**Task requirements**.
Leaving the pictures aside, transcribe every line below exactly.

**Information provided**.
==================================================

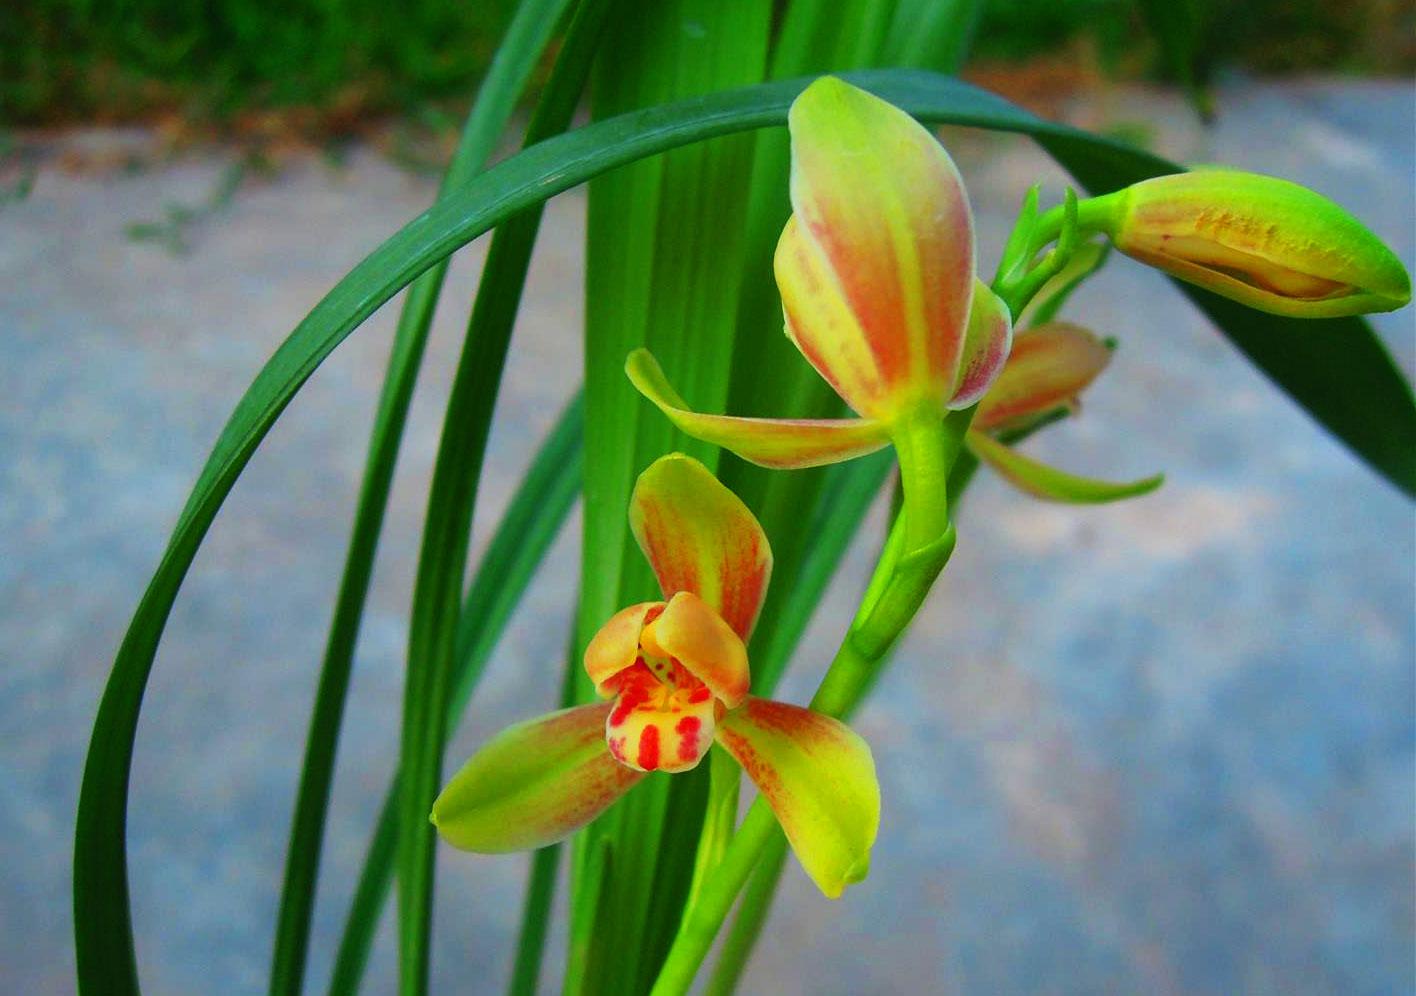 建兰绿光登梅/蜀梅建兰Cym.ensifolium'Lu Guang Deng Mei'
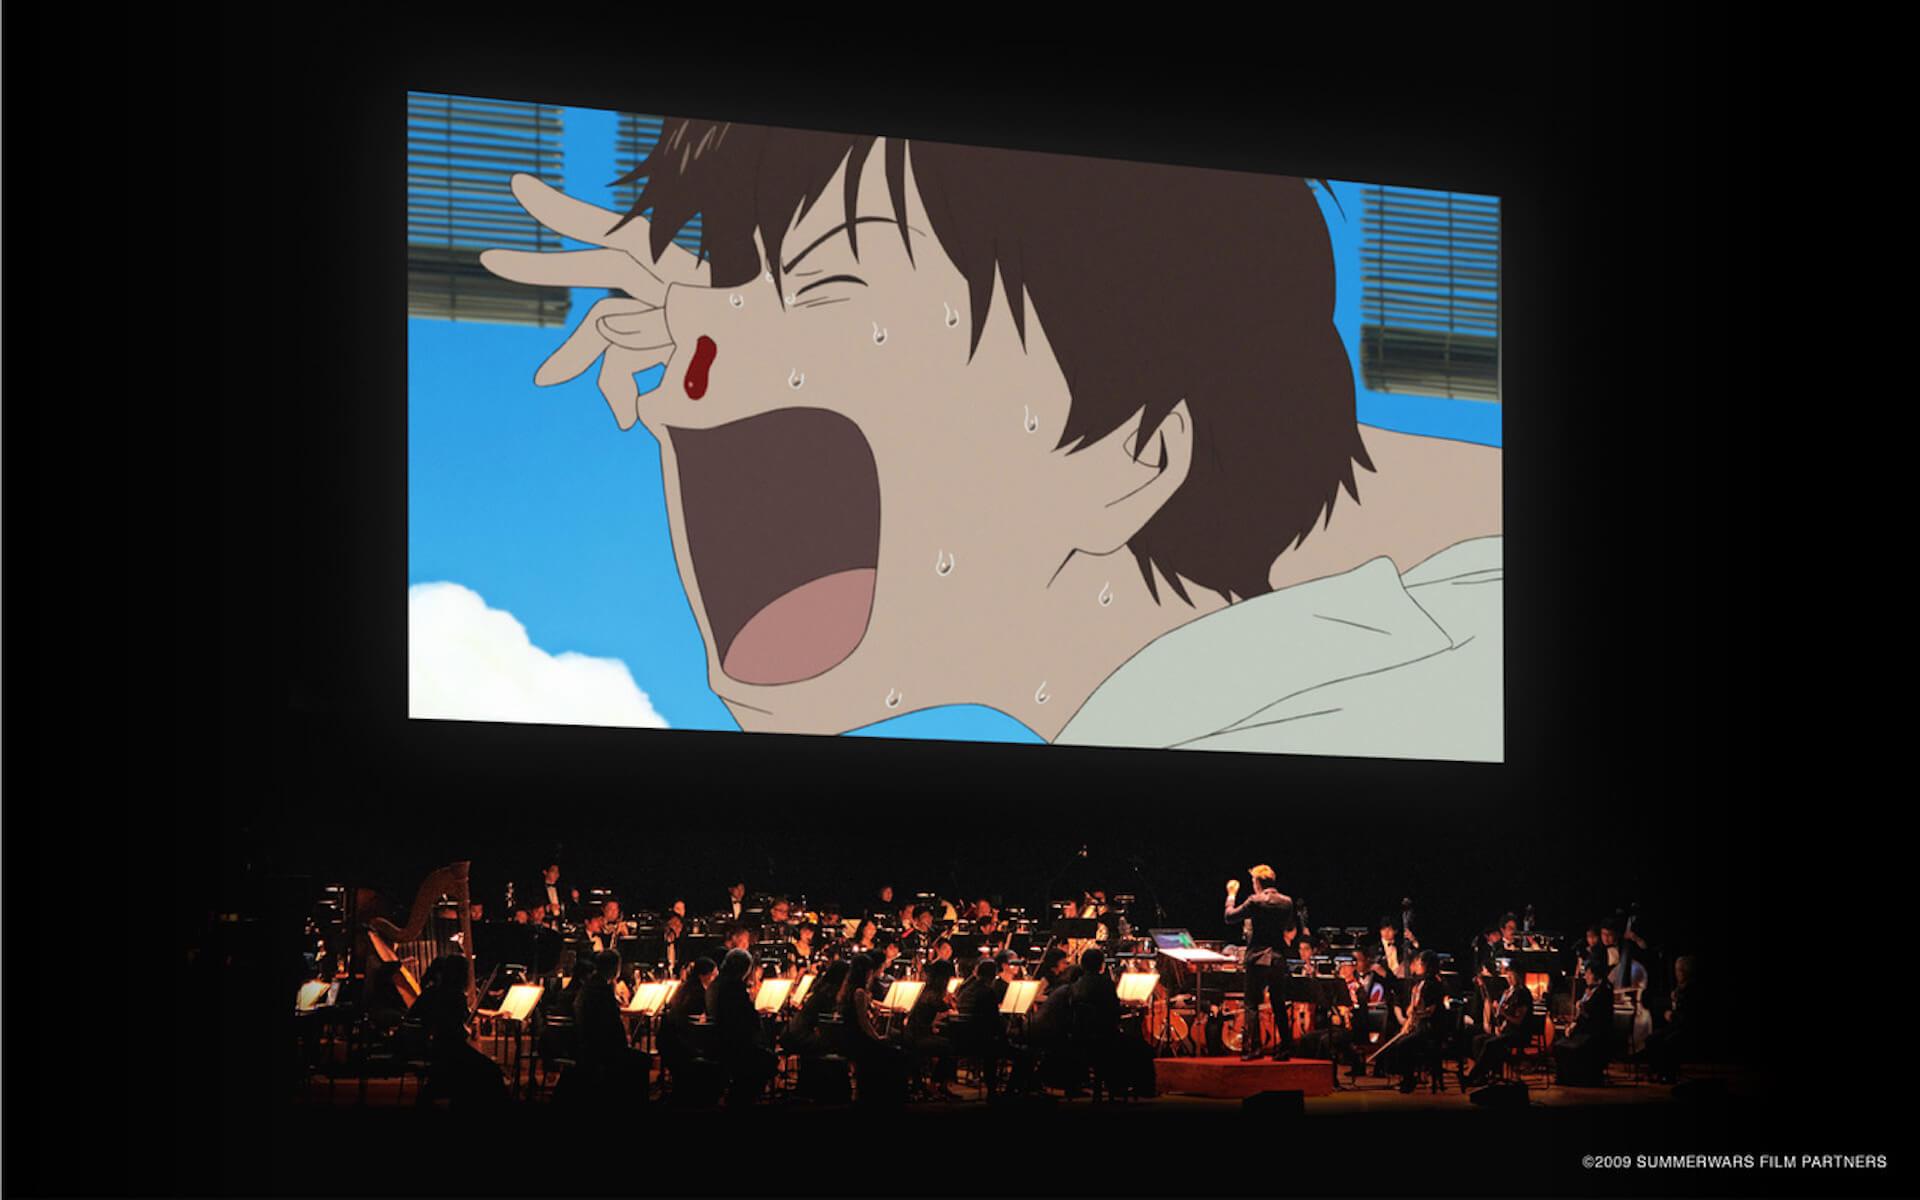 公開10周年プロジェクトのフィナーレ!『サマーウォーズ』初のフィルム・コンサート開催決定 film200205_summerwars_2
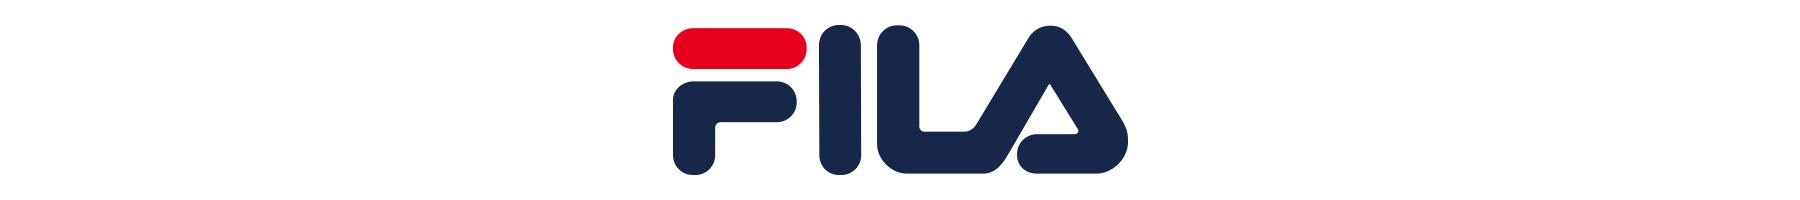 DrJays.com - FILA

==================================================

**Exercise result**.
 建兰绿光登梅/蜀梅建兰Cym.ensifolium'Lu Guang Deng Mei'
 公開10周年プロジェクトのフィナーレ!『サマーウォーズ』初のフィルム・コンサート開催決定 film200205_summerwars_2
 DrJays.com - FILA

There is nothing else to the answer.